Your First Python Script

7 min read

A Python script is just a .py file with code that runs top to bottom. There's no class to declare, no main method to wrap your logic in, no semicolons to remember. This lesson walks through the few primitives every Python program is built from — printing output, doing arithmetic, leaving comments, formatting strings — and ends with a 12-line script that builds a real test-run summary. By the end you'll be writing useful scripts on your own.

print() is Python's way of writing to the terminal. It's the equivalent of console.log() in JavaScript or System.out.println() in Java — but cleaner.

print("Test started")

Output:

Test started

Pass any value — number, boolean, string — print converts it to text for you:

print(200)
print(True)
print(3.14)

Output:

200
True
3.14

Pass several values separated by commas — print puts a space between them automatically:

print("Status:", 200, "OK")

Output:

Status: 200 OK

Notice three small but important things:

  1. No semicolons. Statements end at the newline.
  2. No curly braces.
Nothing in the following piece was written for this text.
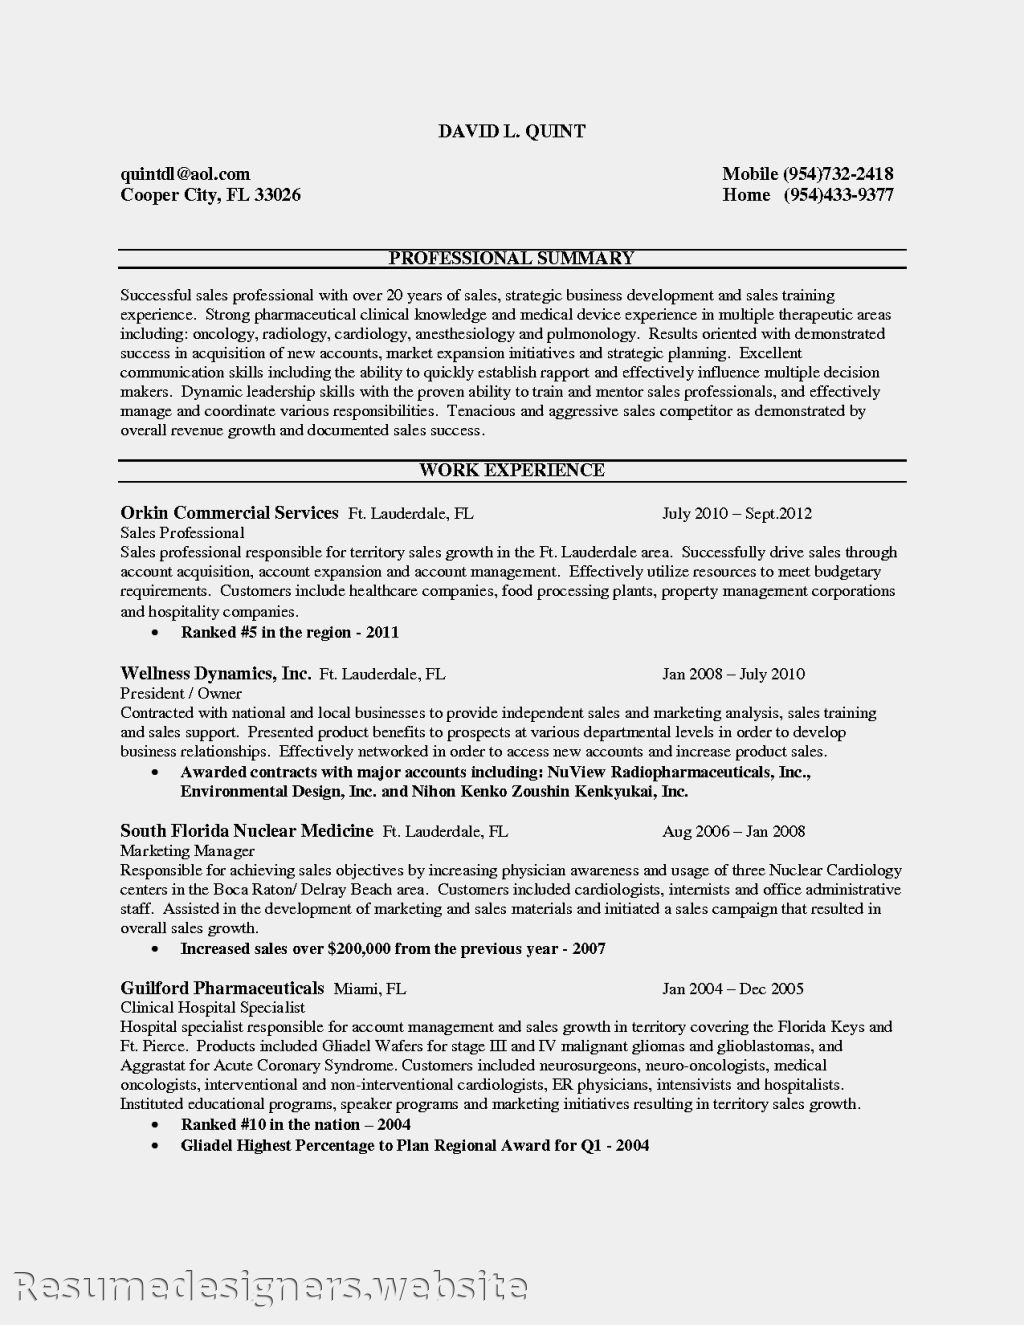 716 resume for medical sales entry level

A script's "block" is just the file itself.
  3. True is capitalised. Different from JavaScript's true and Java's true. Capital T, capital F. Mixing them up is one of the first errors every beginner hits.

Indentation matters — but not yet

Python uses indentation instead of curly braces to mark blocks. A function body, a loop body, an if branch — all are defined by the indent level. We'll see this in chapter 2 when we meet if and loops. In a one-line script, there's no block to worry about — every line starts at column 1.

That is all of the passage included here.